Carl Lindbom (born 20 May 2003) is a Swedish professional ice hockey goaltender for the Vegas Golden Knights of the National Hockey League (NHL). Lindbom was selected in the seventh round, 222nd overall, by the Golden Knights in the 2021 NHL entry draft.

==Playing career==
Lindbom played as a youth within Djurgårdens IF organization before making his professional debut in the SHL in the 2021–22 season.
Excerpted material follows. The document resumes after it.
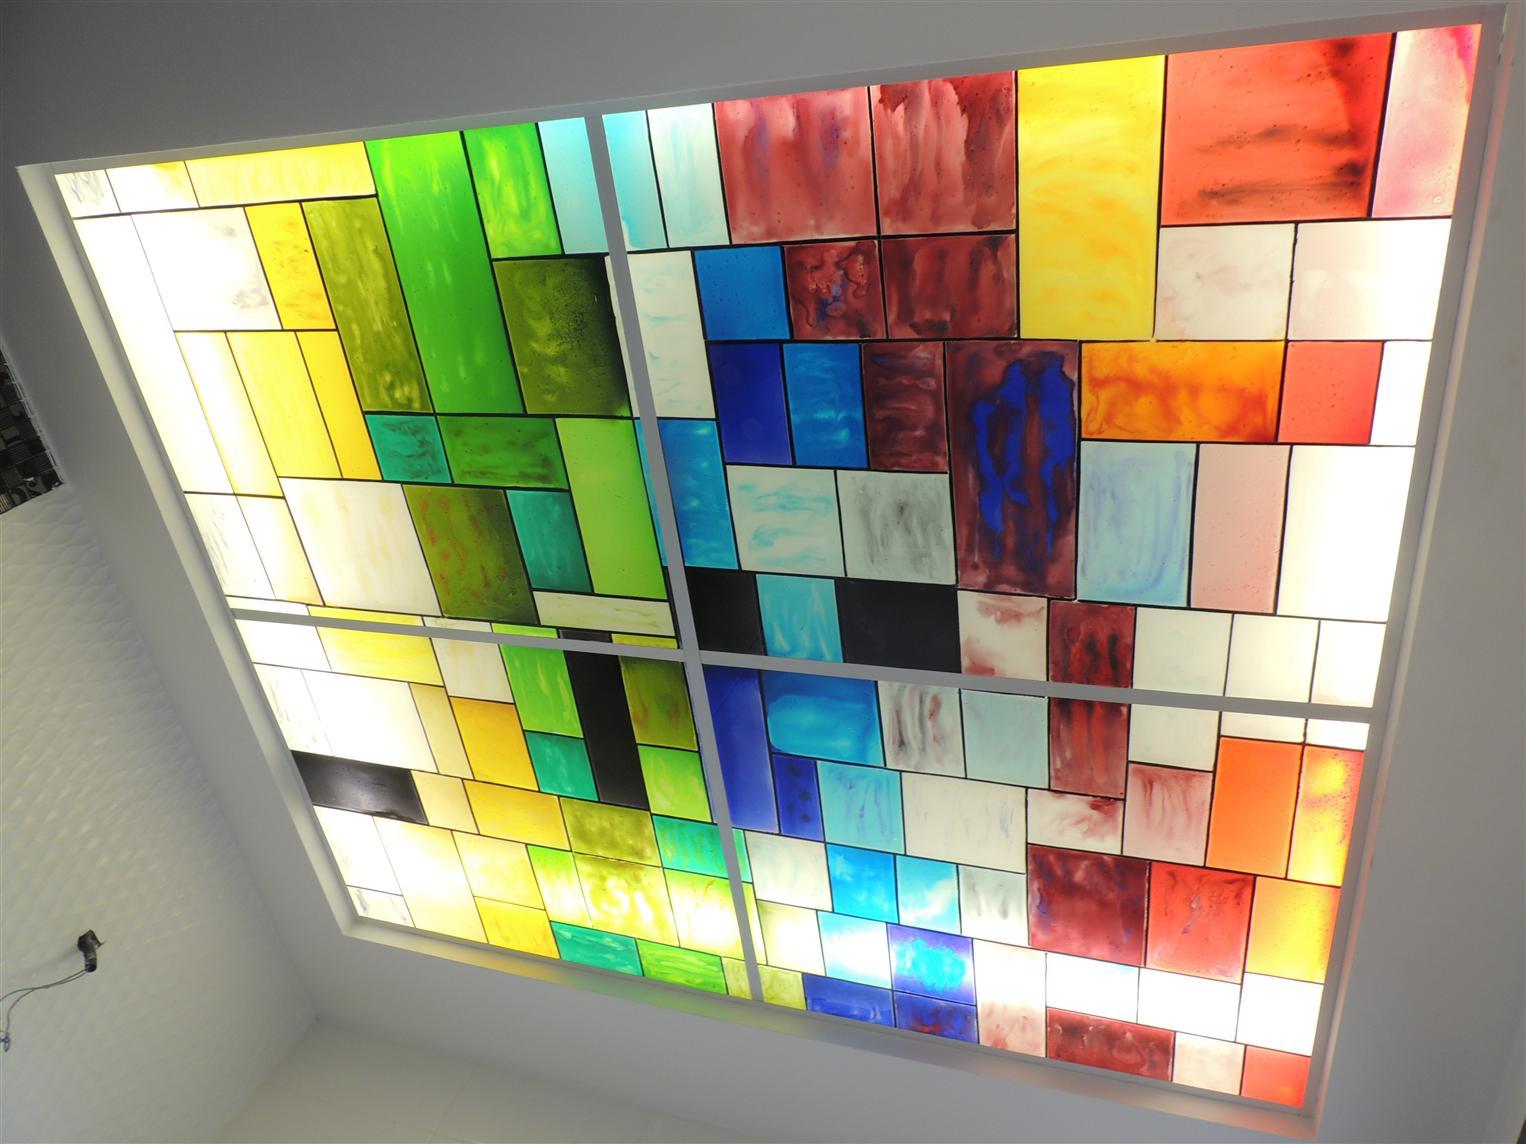 ahmet-bey-vilasi201592117327589.jpg izmir vitray çalışması

He was subsequently drafted in the 7th round of the 2021 NHL entry draft by the Vegas Golden Knights.

After earning the starting goaltending role for Djurgårdens IF in the HockeyAllsvenskan in the 2022–23 season, Lindbom was signed to a three-year, entry-level contract with draft club, the Vegas Golden Knights, on 1 June 2023. The following day he was loaned by the Golden Knights to SHL club, Färjestad BK, for the 2023–24 season. Lindbom then spent the 2024–25 season with Vegas' American Hockey League (AHL) affiliate, the Henderson Silver Knights.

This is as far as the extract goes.